= Maurice Achener =

French painter

Maurice Victor Achener (17 September 1881 – 19 April 1963) was a French illustrator, painter, and print maker.

== Biography ==
Maurice Achener was an Alsatian from Mulhouse, born September 17, 1881.

The artist studied at a fine arts school in Strausberg (l'école des arts décoratifs de Strasbourg). He pursued further studies at the Arts Academy in Munich. There, he was a student of Ludwig von Löfftz and of Peter Halm, who introduced him to etching.

In 1901 Émile Schneider and Georges Ritleng created a group of artists called the Alsatian Artist Society (in French: la Société des artistes alsaciens). This society counted among its members Maurice Achner, Daniel Schoen, Hansi, Alexandre Urbain, and N. Forsberg. Achner developed a friendship with André Engel, who was also from Mulhouse. His etchings were published in "la Revue alasacienne illustrée" (the Illustrated Alsatian Review), a periodical edited by Charles Spindler.

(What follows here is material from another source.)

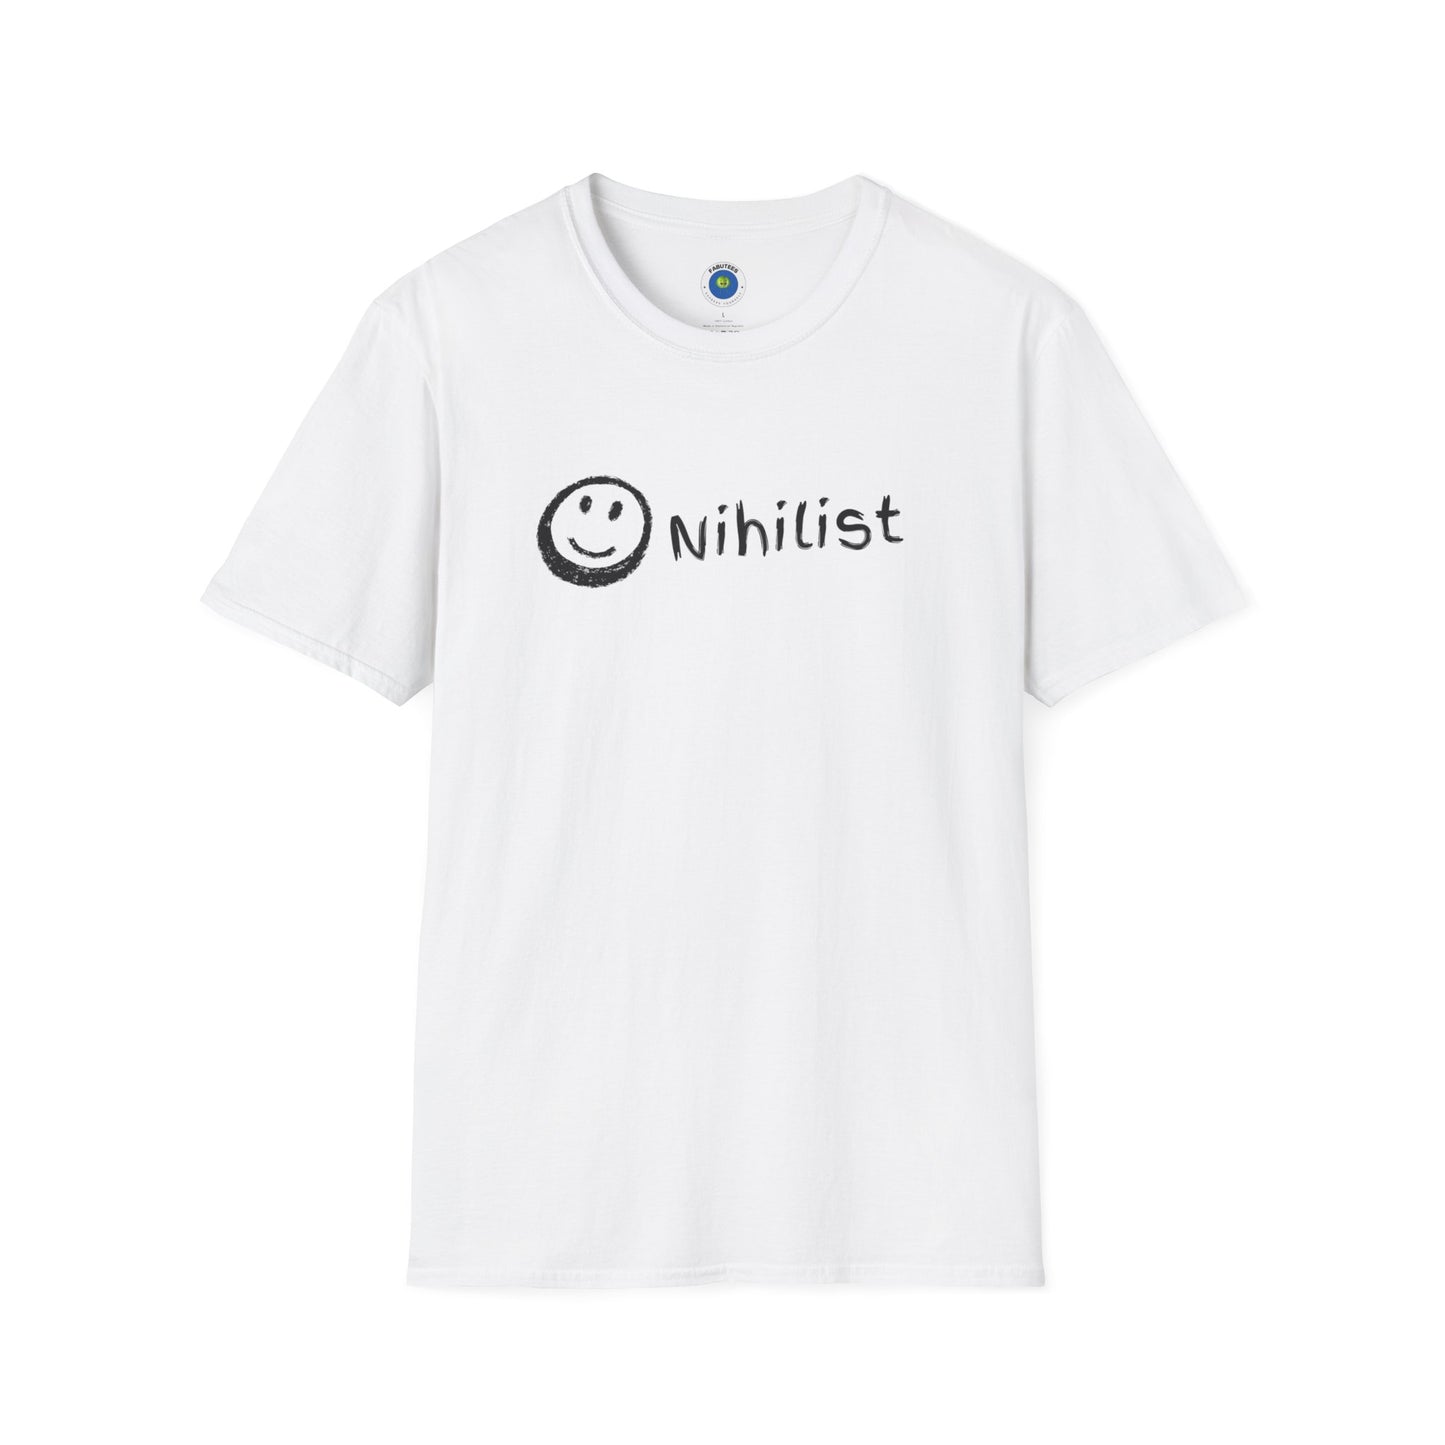 Happy Nihilist Shirt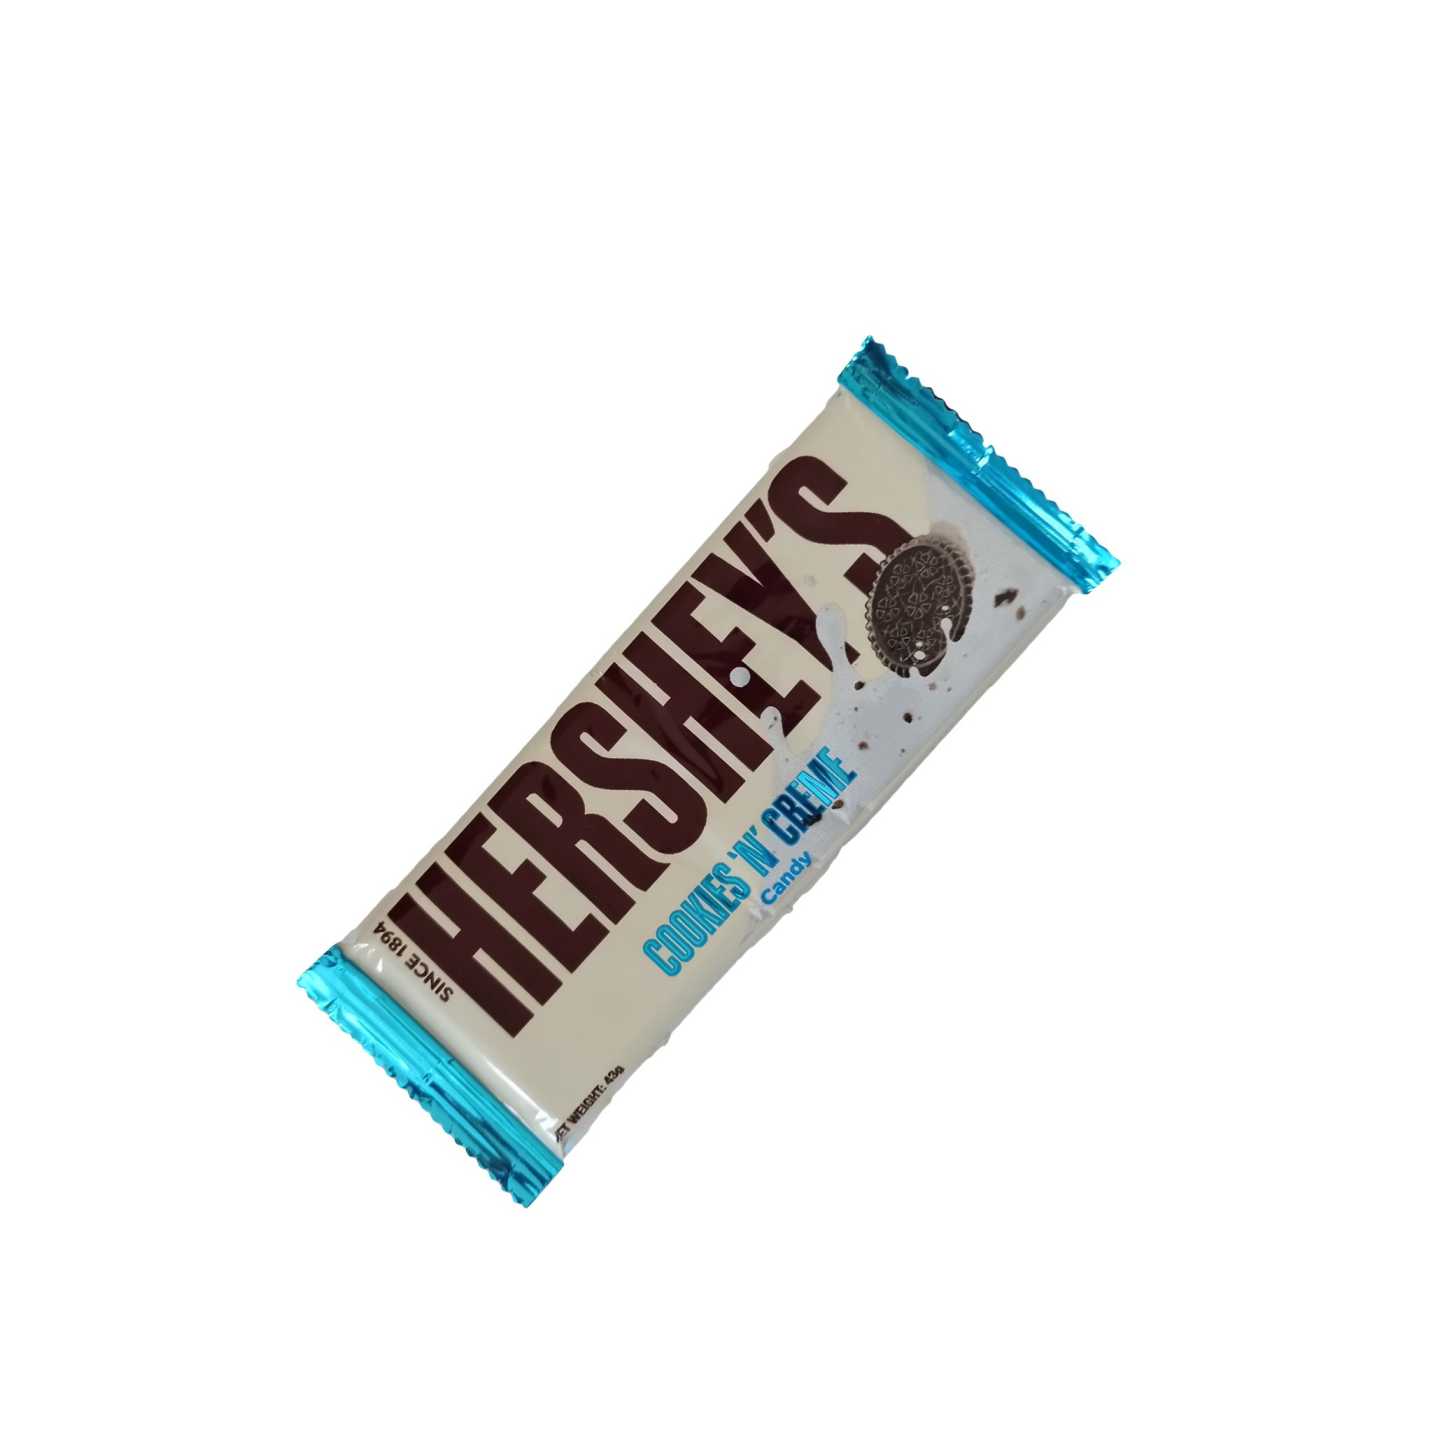 Hersheys Cookie N' Creame - הרשי קרם עוגיות - טעימים

He also became friends with the etcher and sculptor Maurice Bastide du Lude, at a studio situated at the Château du Lude near Orléans where they both worked. He created several small prints of his etchings which are still owned by the descendants of Bastide du Lude.

Maurice Achener settled down in Paris in 1905. From 1907 to 1908, he worked with Jean-Paul Laurens.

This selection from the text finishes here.